Play in the gardens, swing on the swing and enjoy another homemade walnut pastry.
Air-conditioning available in some rooms, central heating, common rooms, doctor on call, the nearest hospital is 10 km away, extra beds allowed, laundry service, pushchair friendly.
When to go:
Srinagar enjoys two distinct seasons, pleasant summers and very cold winters.
Summers run from April to September and these months are an ideal time to visit with maximum daytime temperatures rarely exceeding 30C. This is also the peak tourist season.
Winters run from October to March with daytime temperatures reaching a maximum of 15C. The heavy winter snowfalls make sightseeing tricky and road blockages are not uncommon but the surrounding winter snow scene is incredibly beautiful.
Security in Kashmir is extremely changeable; make sure to thoroughly check the situation before travelling. There is a continued military presence in the area and police checks are a regular occurrence.
Location & Travel:
Srinagar’s airport, Sheikh ul Alam Airport, is located approximately 33 km from the Dar-es-Salam. There are regular daily flights to and from Delhi, Mumbai and Jammu. Domestic airlines servicing Srinagar Airport include Go Air, IndiGo, Spice Jet and Jet Airways. Security is extremely tight flying to and from Srinagar so make sure to allow plenty of check-in time. Be aware that hand baggage is restricted.
The nearest major train station is Jammu Tawi in Jammu, 300km from Srinagar. Overnight trains run from Delhi to Jammu Tawi.
It is possible to drive to Srinagar in the summer but driving in winter is impossible, as many of the roads will be closed.

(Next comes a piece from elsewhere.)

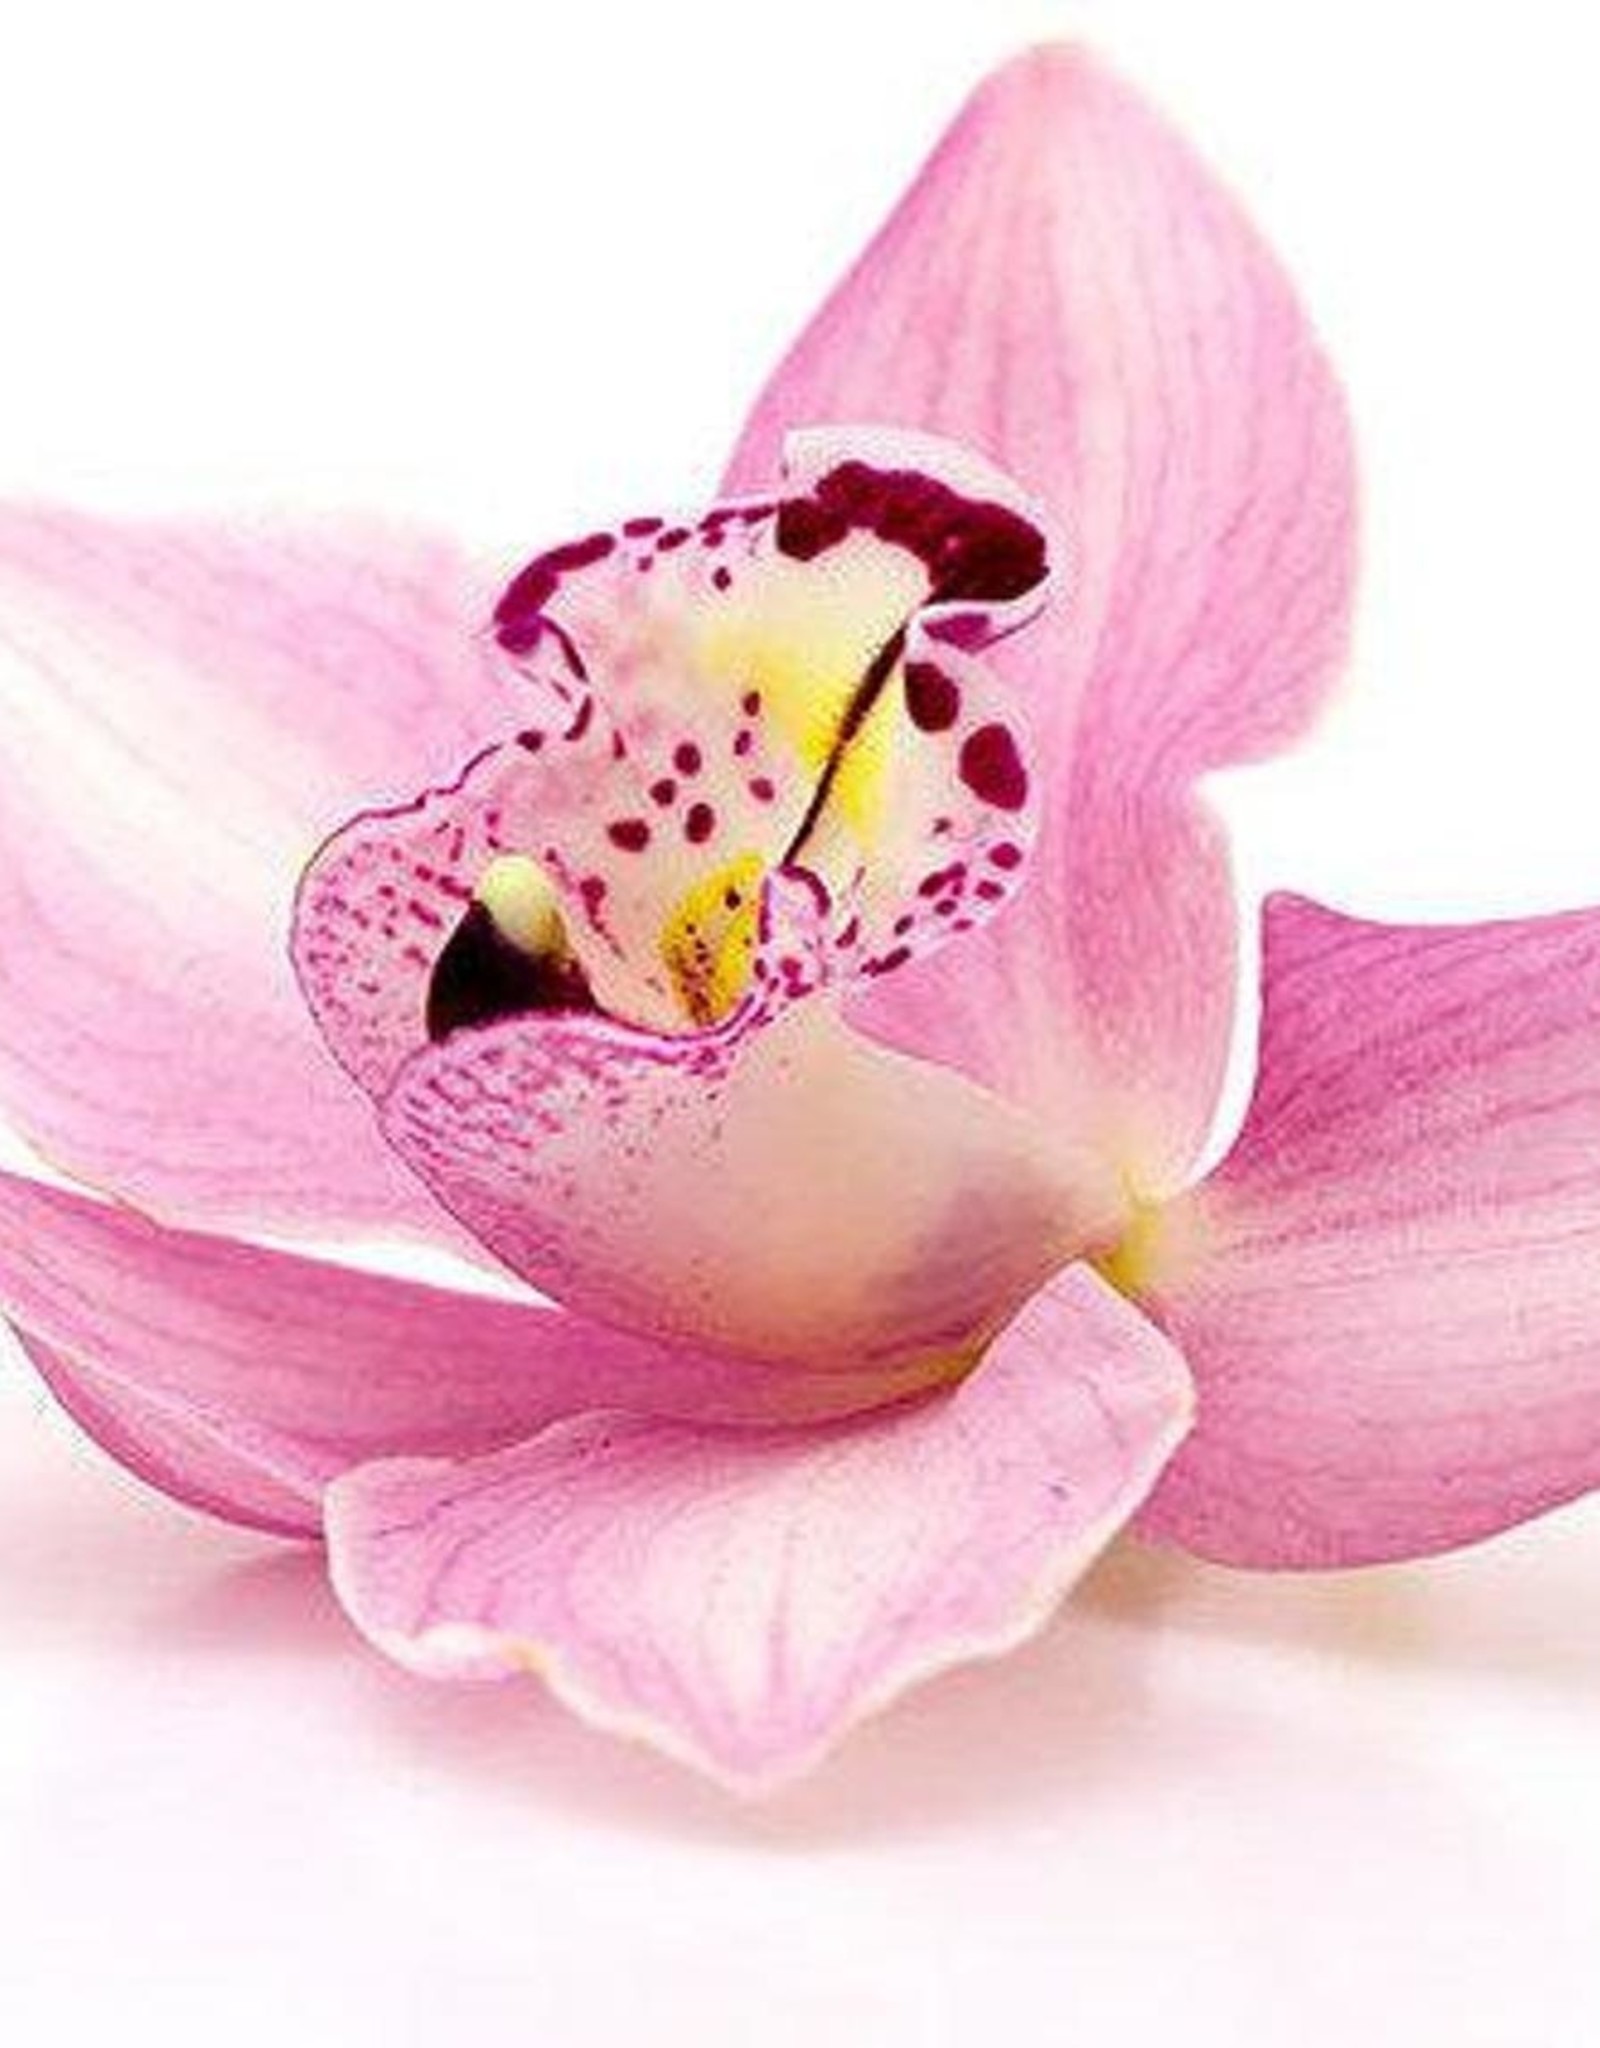 Waxmelt Winter Orchid 15 gram

There is a long history of conflict within the state of Jammu & Kashmir. Remember to consult your own government’s travel advisory for safety advice such as www.gov.uk/foreign-travel-advice/india
1) Bring plenty of warm clothing during the winter months including hats, scarves and waterproof boots or shoes. Make sure you bring warm gloves to avoid cold little hands.
2) Make sure to bring cash with you; there are plenty of ATMs in town but they don’t all work!
3) If you’re travelling with young children and / or babies then it’s worth brining all kiddie paraphernalia with you; nappies, formula, wet wipes and any necessary medications.